I've got a nested AngularJS form like so:
<form name="parentForm" ng-submit="submit()">
<input name="parentInput" type="text">
<ng-include src="childForm.html" ng-form="childForm"></ng-include>
<button type="submit">Submit</submit>
</form>
And here's childForm.html
<input name="childInput" type="text">
For reasons unrelated to the question, I can't merge the parent and child forms - they need to be two separate files.
Now, when the user clicks the submit button, validation is correctly applied to both parentForm and childForm. However, only the parent form has it's $submitted flag set to true, which is problematic since I'm using it to trigger the display of certain error messages. I don't want the child form checking if the parent form is $submitted, since they're two separate files. The only option that's occurred to me is having the submit() method call $setSubmitted() on the child form, which is awkward since now the parent form needs to directly reference the child form. Is there a better way to set the child form's $submitted to true?

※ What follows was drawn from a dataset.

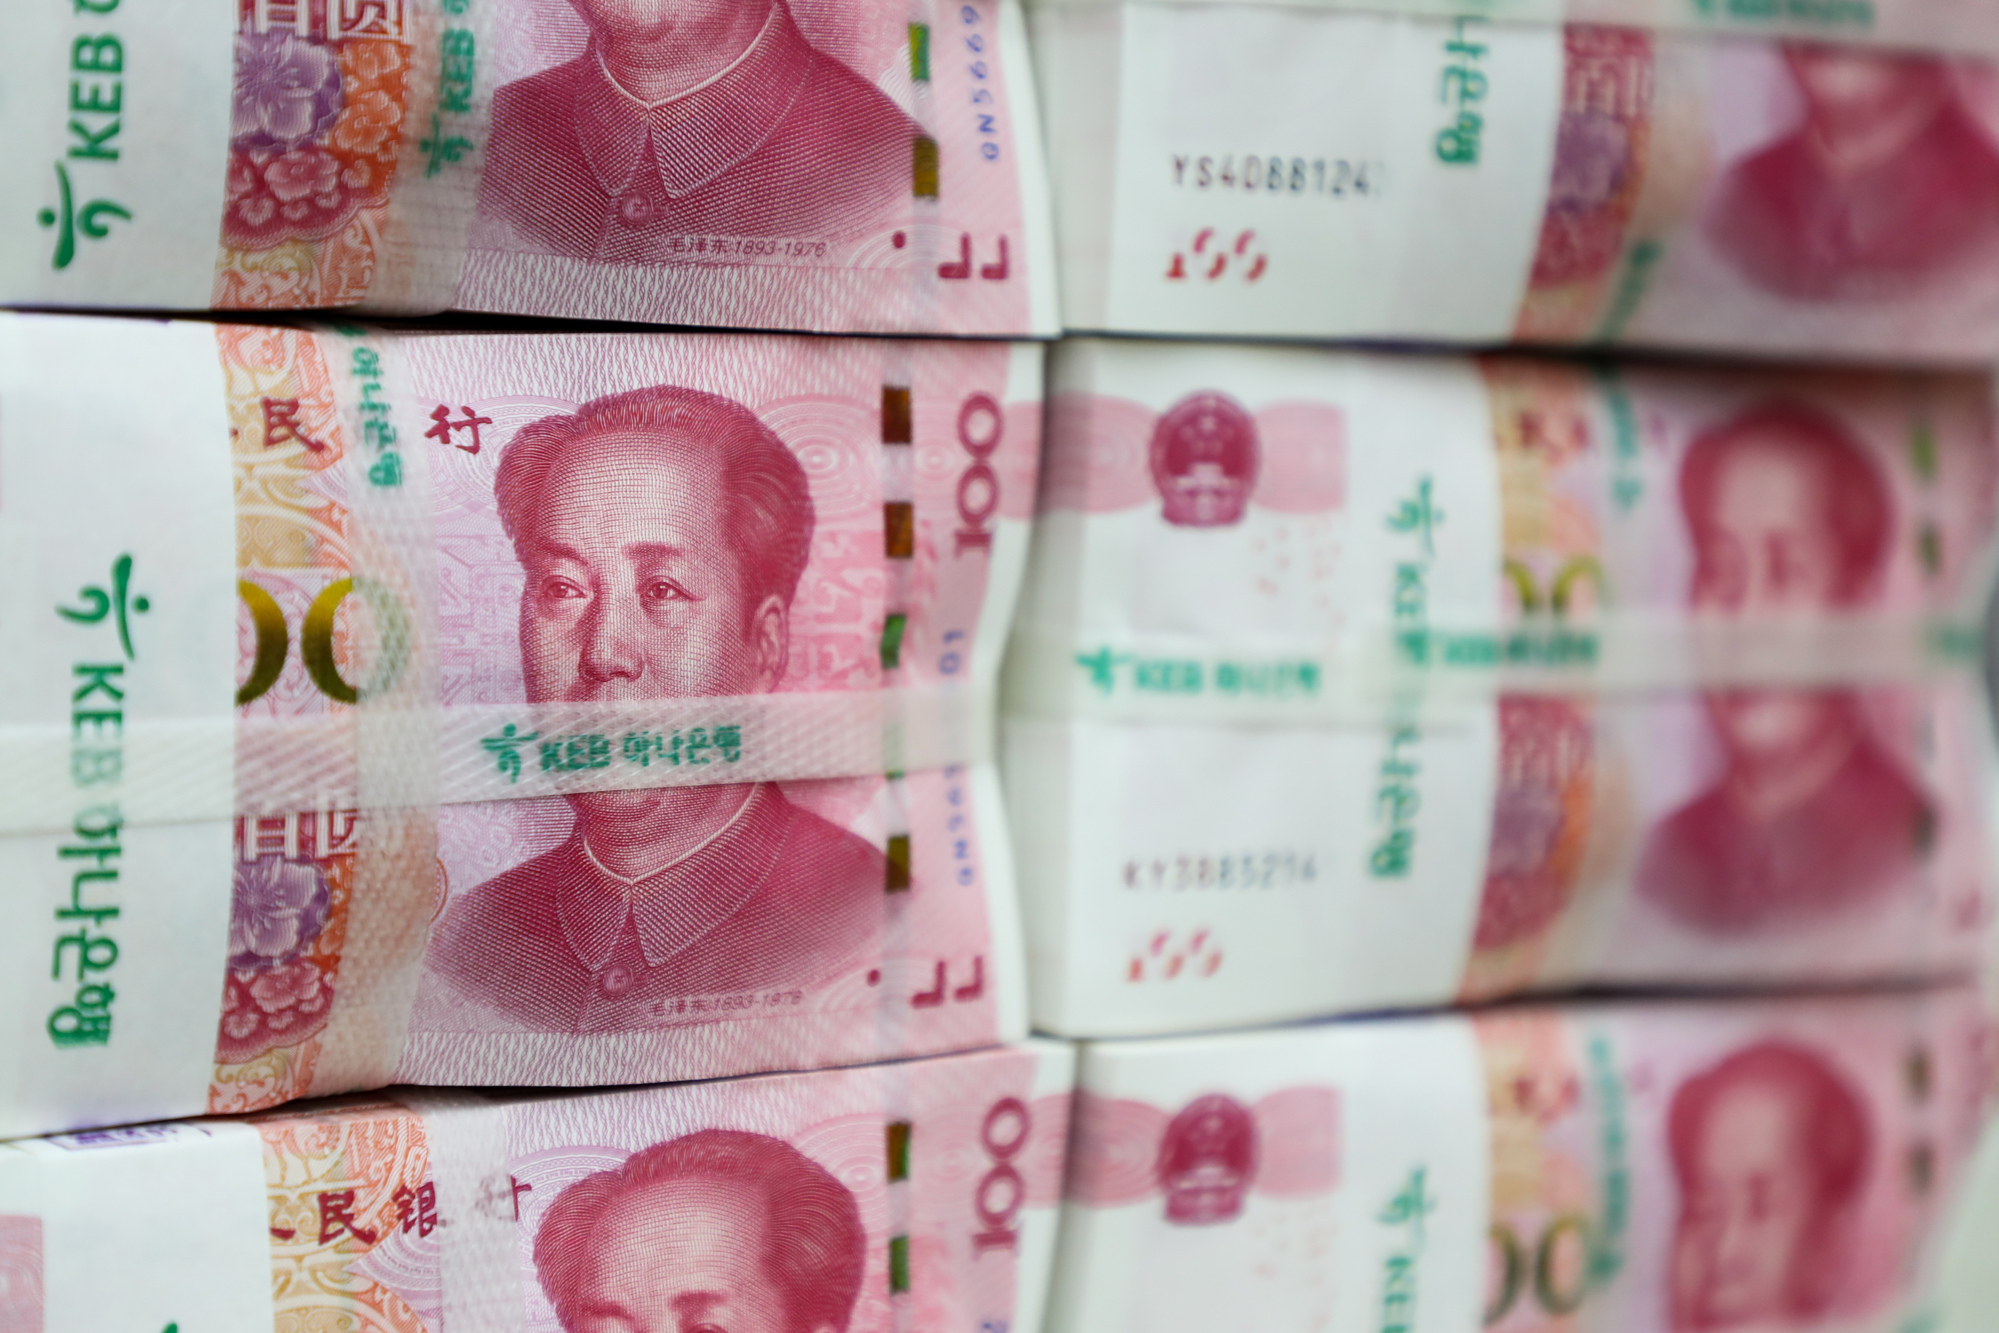 Global Reflation Trade Gains New Momentum From China's Yuan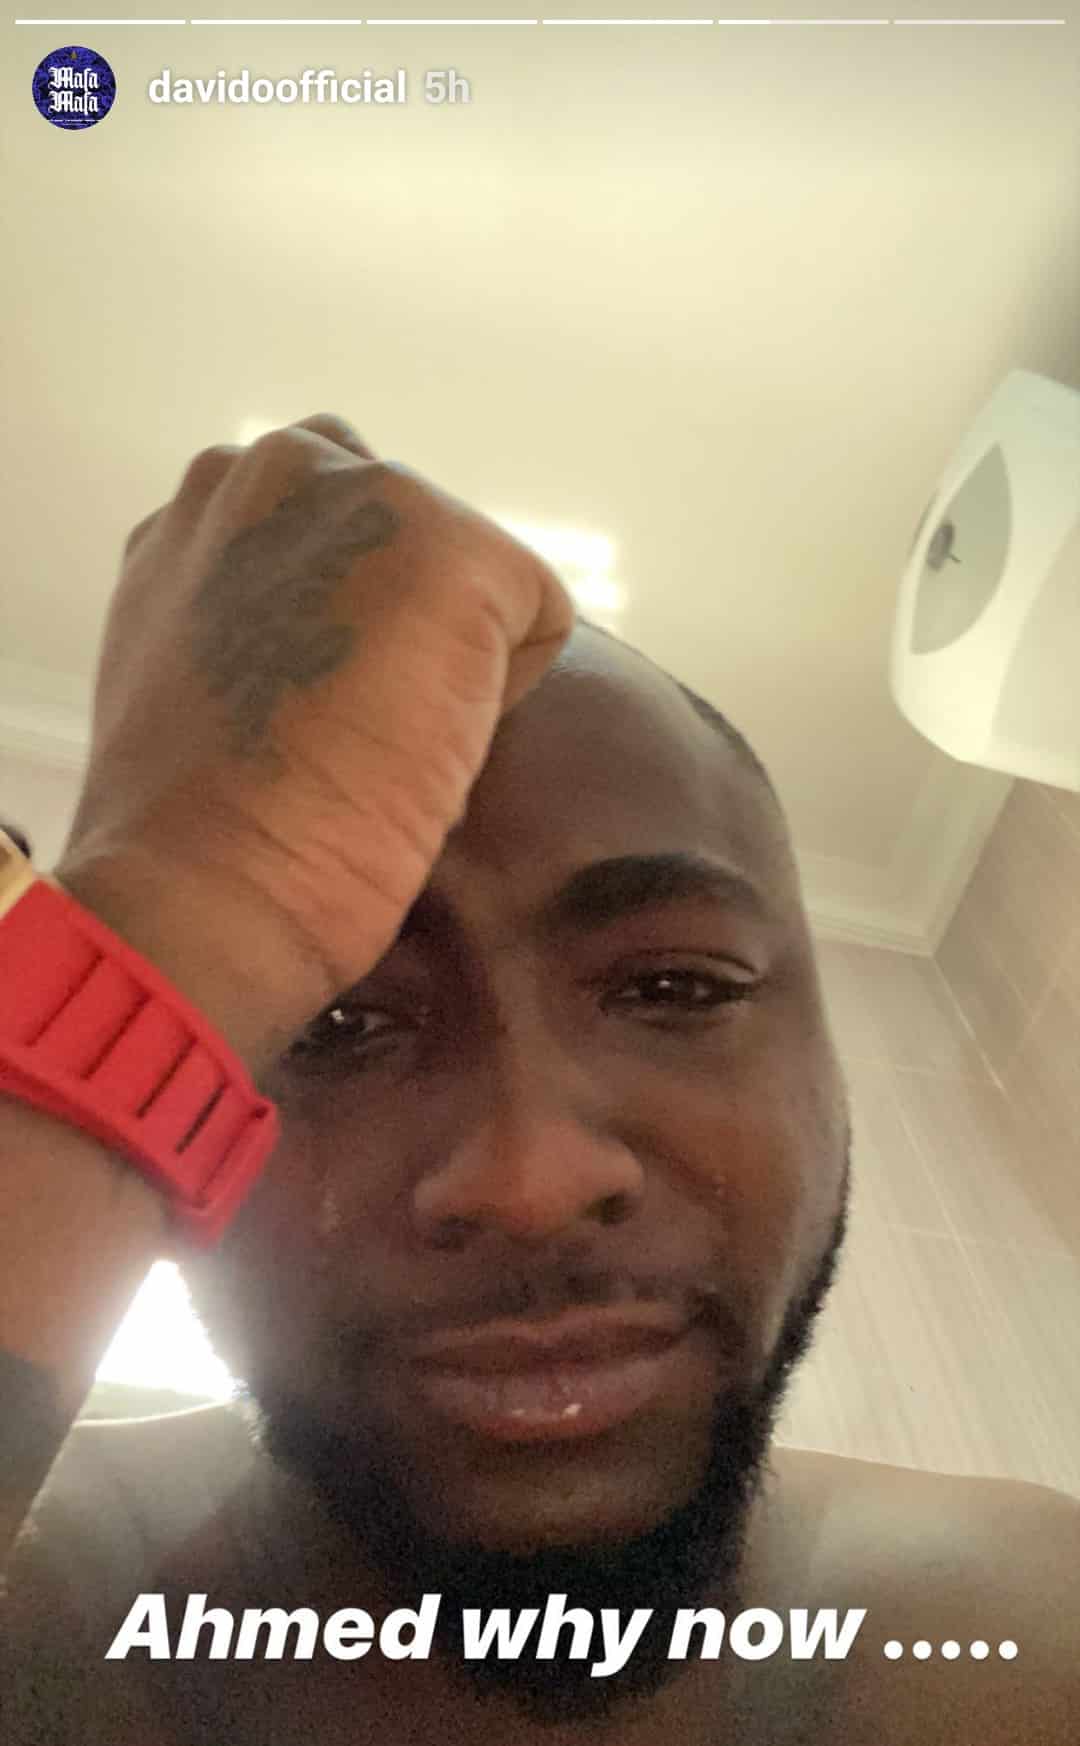 Davido in tears as he loses his close friend to death (video)

As an extension of Meeker's solution, you could achieve the $broadcast
implicitly by adding a watch to the parent form:
.directive('form', function() {
return {
restrict: 'E',
require: 'form',
link: function(scope, elem, attrs, formCtrl) {
scope.$watch(function() {
return formCtrl.$submitted;
}, function(submitted) {
submitted && scope.$broadcast('$submitted');
});
}
};
})
.directive('ngForm', function() {
return {
restrict: 'EA',
require: 'form',
link: function(scope, elem, attrs, formCtrl) {
scope.$on('$submitted', function() {
formCtrl.$setSubmitted();
});
}
};
})